The next day was Friday, and thanks to the trapper’s ointment Don was able to walk a very little. In the evening his uncle came to talk with him again. “I probably shan’t see you again for some time,” he said. “My company is leaving Cambridge. When you see your Aunt Martha I want you to say this to her: tell her first of all that I’m safe and well and that she needn’t worry. Second, tell her that at the first opportunity I want her to leave the town; it’s the height of folly to remain. And, Donald”—David Hollis spoke in a low voice,—“tell her I love her. And now, my boy, good-bye, and God bless you!”
That was the last that Don saw of his uncle for many, many weeks. The next day he and the trapper went for a short walk among the narrow, twisting streets of the town. Soldiers were quartered in many of the houses, and people were talking of others that were soon to arrive. One man remarked that as a result of the British attack on Concord and Lexington an army of twenty thousand Provincials had arisen almost overnight. There was much brave talk of attacking the King’s troops in Boston and of driving them headlong into the sea.
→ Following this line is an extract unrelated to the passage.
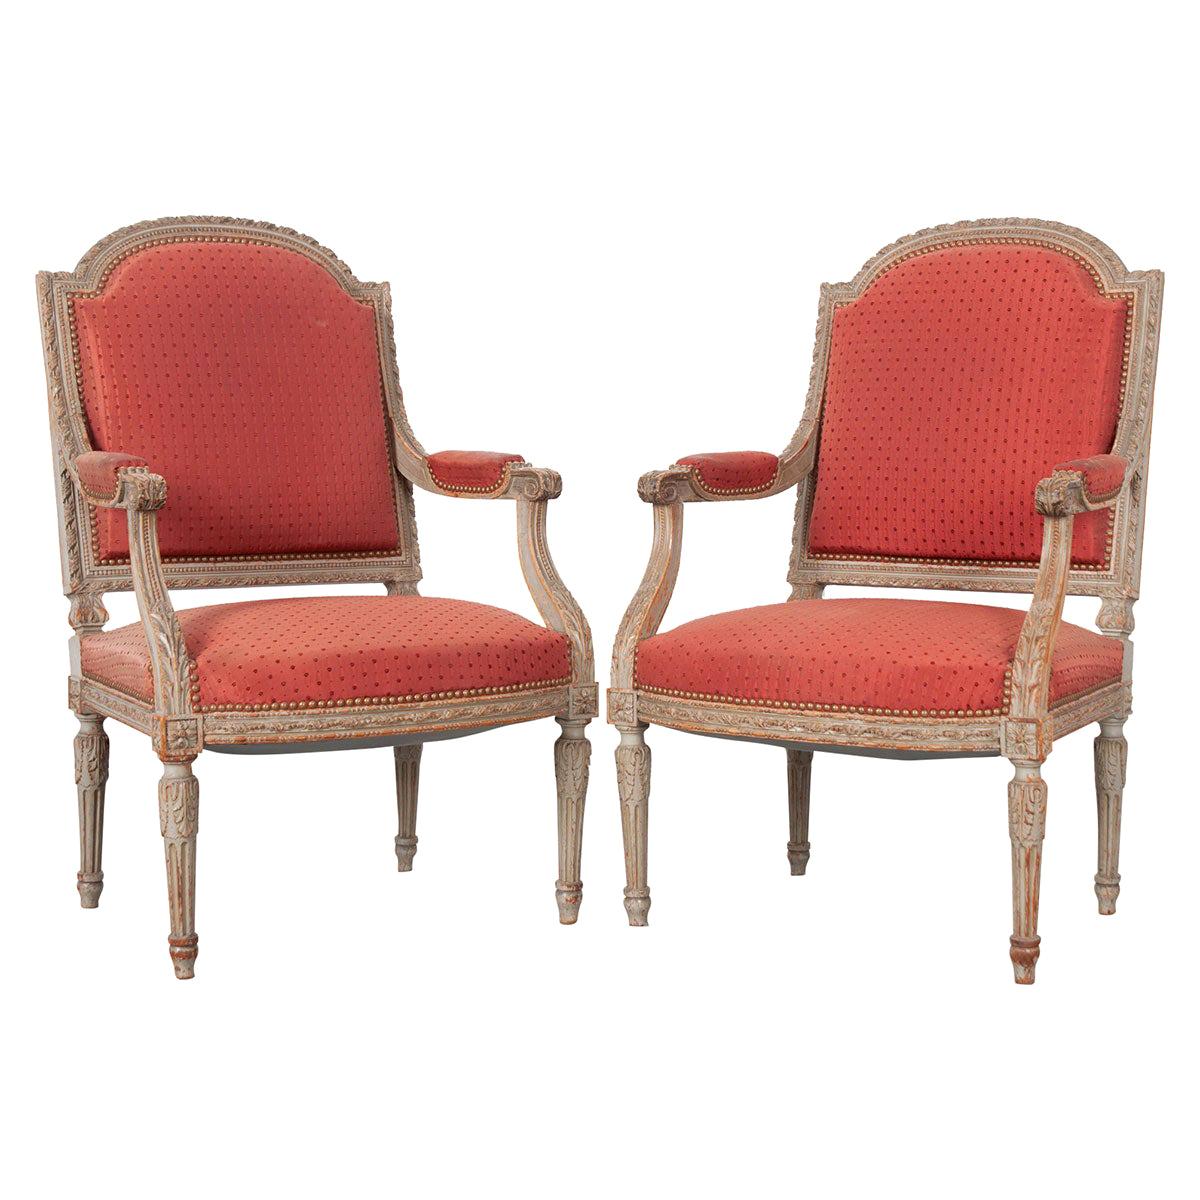 Pair of French 19th Century Louis XVI-Style Fauteuils

By Tuesday, Don’s ankle was strong again, but he had to walk with great care. Then early one foggy morning Glen Drake announced that the time had come to cross the flats.
The two had a hot supper together down in the kitchen, and an hour or so later they started toward the river.
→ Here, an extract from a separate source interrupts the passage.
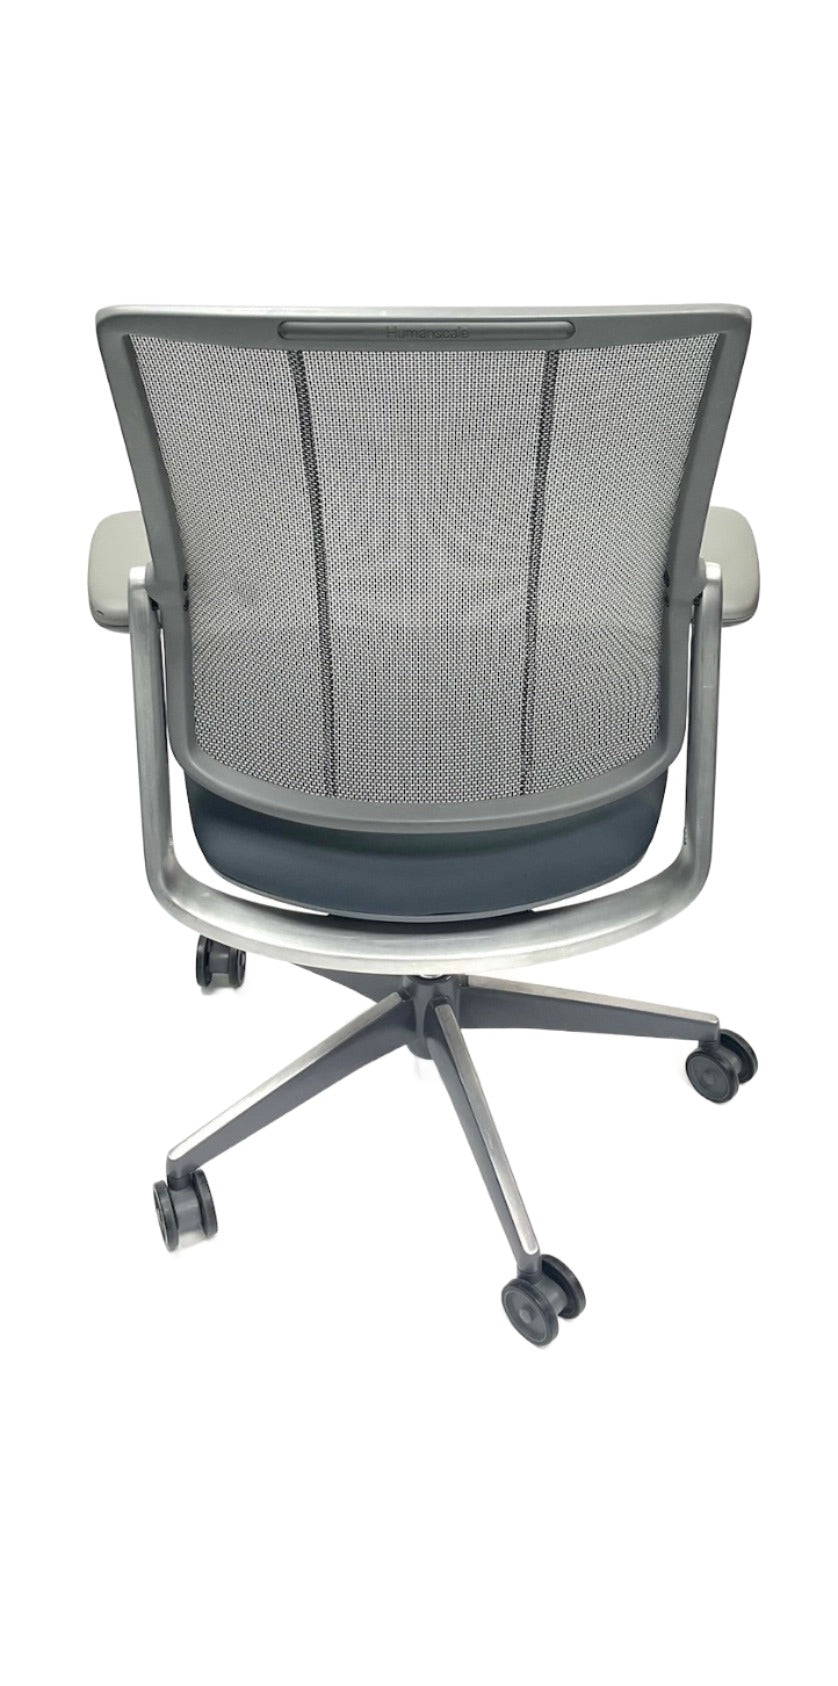 Humanscale Diffrient Task chair

Glen led the way and in spite of the heavy fog and the darkness stepped boldly yet as silently as a cat. They had gone beyond the last fringe of dwelling houses when the trapper put the end of a buckskin thong into Don’s hand. “Keep tight hold,” he whispered, “and don’t talk.”
Don thought he had never seen a blacker night—blackness and fog overhead, blackness and fog all round them, with here and there a dim yellow light. Several times, at the sound of footsteps, Glen paused to let a Provincial sentry pass unseen ahead of them. Once they turned sharply to the left and walked for almost half an hour over uneven grassy land. Then they turned to the right, and soon Don felt his feet sink into cool mud. Glen put his mouth close to the boy’s ear and whispered, “How’s the ankle?”
“All right, Glen,” Don replied softly.
They pressed forward slowly. Sometimes reeds and cattails swept against their hands; sometimes they seemed to be walking on firm sand. The fog, cold and oppressive, was blowing in from the east and seemed to deaden all sounds, even the quash, quash of their feet. Don’s fingers were like ice as he clung to the thong. He had no idea in what direction he was going, but he had confidence in his sturdy guide. Then a bell tolled somewhere ahead, and a few minutes later he heard a horse neigh loudly.
A quarter of an hour passed, then half an hour. Finally they were among more cattails. Glen led the way cautiously among them and at last climbed a gentle slope. They had reached the Boston side.
They were making their way upward, when a stick cracked close at hand, and a sharp voice rang out: “Halt! Who’s there?”
Don felt Glen’s arm go around his shoulders, and in a twinkling the two were flat on their faces.
“Who’s there?” came the voice of the sentry again.
Don felt his heart pounding at his ribs and the trapper’s great arm pressing downward on him like a heavy weight. He heard the sentry advance and knew that Glen had reached into his belt for something.
Crunch, crunch sounded the footsteps, each louder than the last one. Glen had drawn back his arm and was gathering himself for a spring, when the footsteps ceased. A moment later the two heard them begin again, but now they were growing fainter and fainter.
Glen got softly to his feet and pulled Don upward. Together they hurried forward and did not stop till they reached a clump of trees by the side of what appeared to be a path.
“Do you know where you are?” whispered Glen.
“No,” replied Don.
“Well, this is Cambridge Street. You’ll have to follow it alone. Go carefully, and if you meet anyone—well, don’t let ’em see you; that’ll be best. And now, good-bye, Don. Take good care of your Aunt Martha.”
They shook hands in the darkness, and a moment later Don was alone.